Controllable Multi-Objective Re-ranking with Policy Hypernetworks

Multi-stage ranking pipelines have become widely used strategies in modern recommender systems, where the final stage aims to return a ranked list of items that balances a number of requirements such as user preference, diversity, novelty etc. Linear scalarization is arguably the most widely used technique to merge multiple requirements into one optimization objective, by summing up the requirements with certain preference weights. Existing final-stage ranking methods often adopt a static model where the preference weights are determined during offline training and kept unchanged during online serving. Whenever a modification of the preference weights is needed, the model has to be re-trained, which is time and resources inefficient. Meanwhile, the most appropriate weights may vary greatly for different groups of targeting users or at different time periods (e.g., during holiday promotions). In this paper, we propose a framework called controllable multi-objective re-ranking (CMR) which incorporates a hypernetwork to generate parameters for a re-ranking model according to different preference weights. In this way, CMR is enabled to adapt the preference weights according to the environment changes in an online manner, without retraining the models. Moreover, we classify practical business-oriented tasks into four main categories and seamlessly incorporate them in a new proposed re-ranking model based on an Actor-Evaluator framework, which serves as a reliable real-world testbed for CMR. Offline experiments based on the dataset collected from Taobao App showed that CMR improved several popular re-ranking models by using them as underlying models. Online A/B tests also demonstrated the effectiveness and trustworthiness of CMR.
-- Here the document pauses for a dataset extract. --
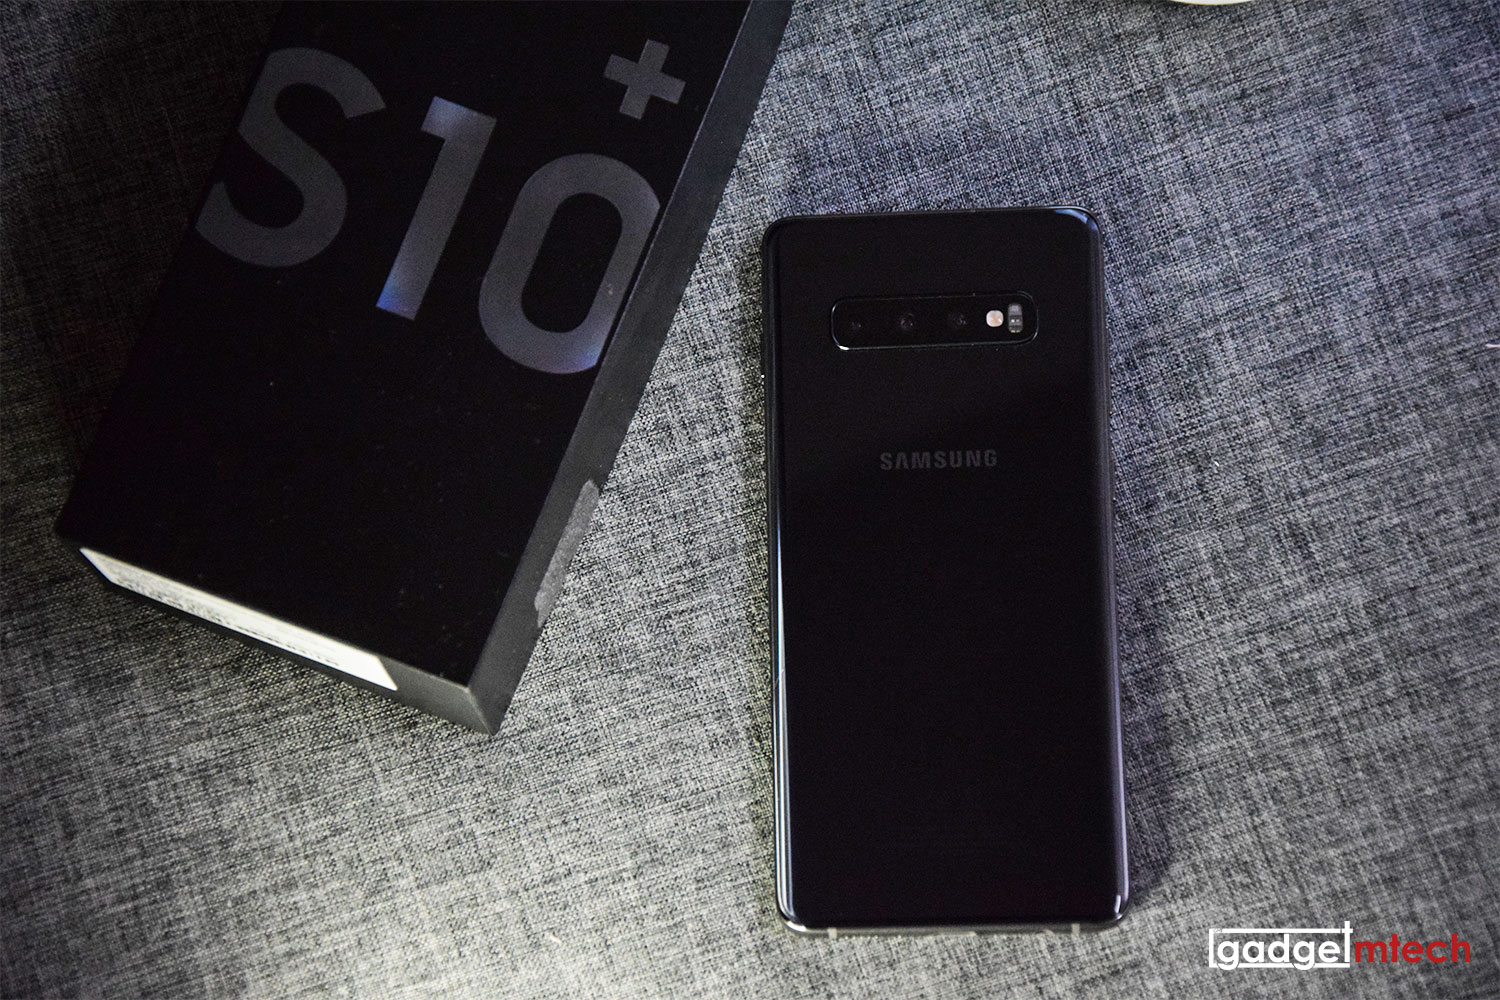 Samsung Galaxy S10+ Review: Breakthrough
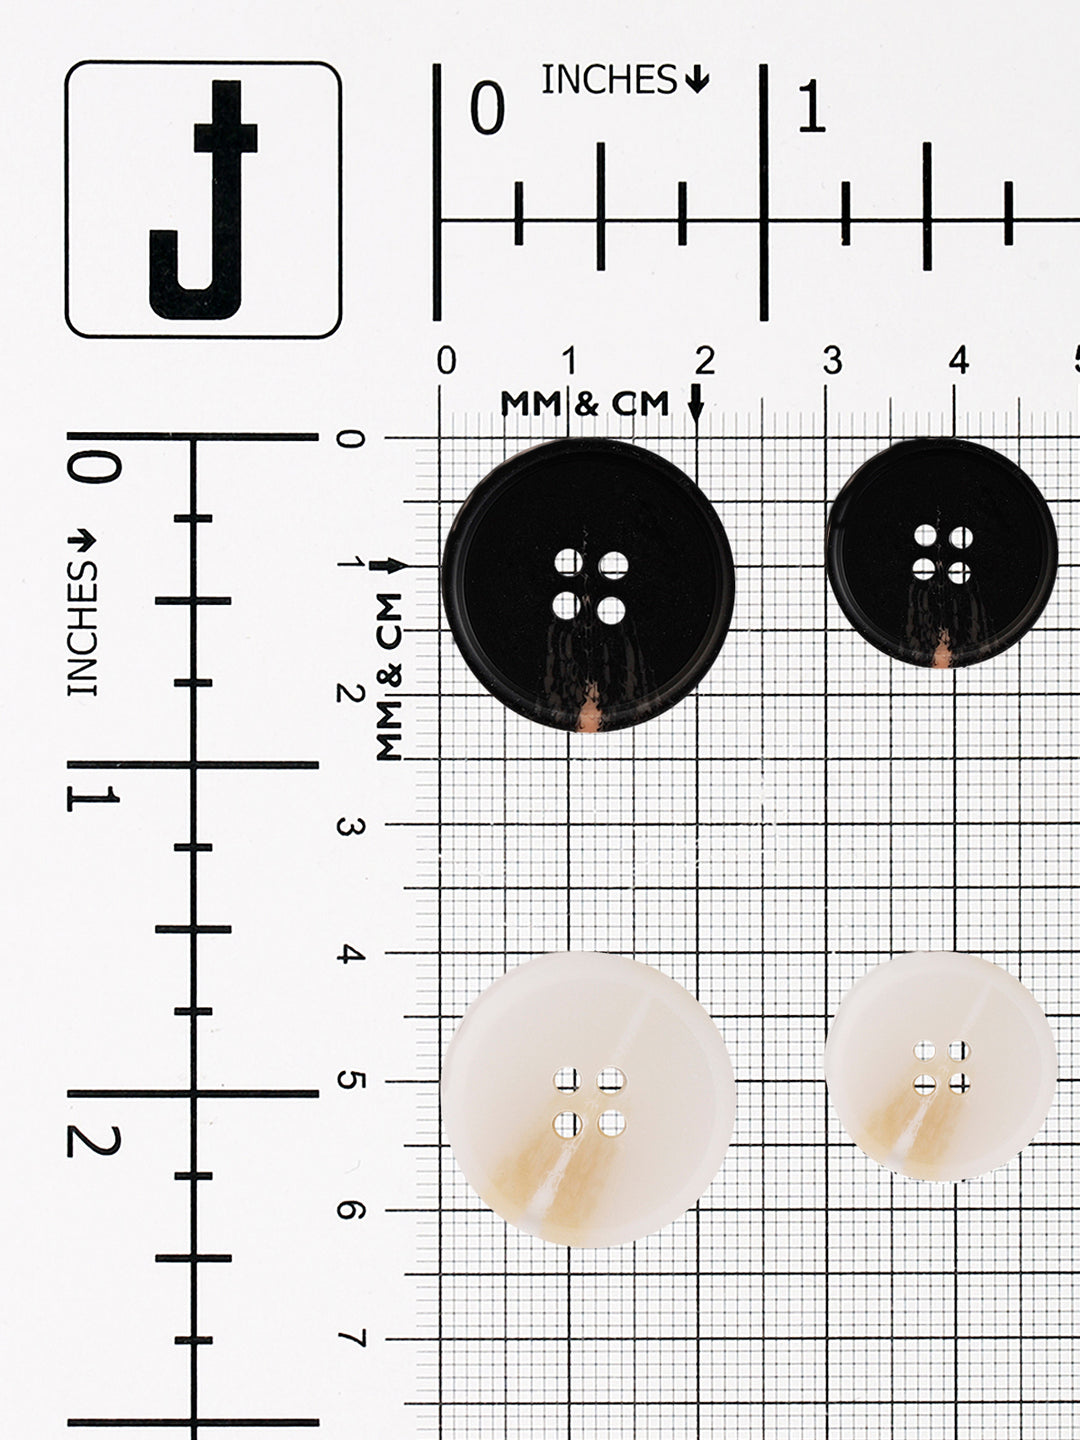 Black & White Round Shape 4-Hole Blazer/Coat Button

翻译：多阶段排序流水线已成为现代推荐系统中广泛采用的策略，其最终阶段旨在返回一个平衡用户偏好、多样性、新颖性等多重需求的排序列表。线性标量化是最常用的多需求合并技术，通过为各需求赋予特定偏好权重求和后转化为单一优化目标。现有最终阶段排序方法通常采用静态模型——偏好权重在离线训练时确定，在线服务时保持不变。每当需要调整偏好权重时，模型必须重新训练，导致时间与资源效率低下。与此同时，最合适的权重值可能因目标用户群体差异或不同时间阶段（如节日促销期）而发生显著变化。本文提出一种名为"可控多目标重排（CMR）"的框架，通过引入超网络根据不同的偏好权重生成重排模型的参数。这种设计使CMR能够在线适配环境变化下的偏好权重，无需重新训练模型。此外，我们将实际业务导向任务归纳为四类核心类别，并基于Actor-Evaluator框架无缝集成到新型重排模型中，该模型为CMR提供了可靠的现实测试环境。基于淘宝App数据集的离线实验表明，CMR将多个主流重排模型作为底层模型时显著提升了其性能。在线A/B测试也验证了CMR的有效性与可靠性。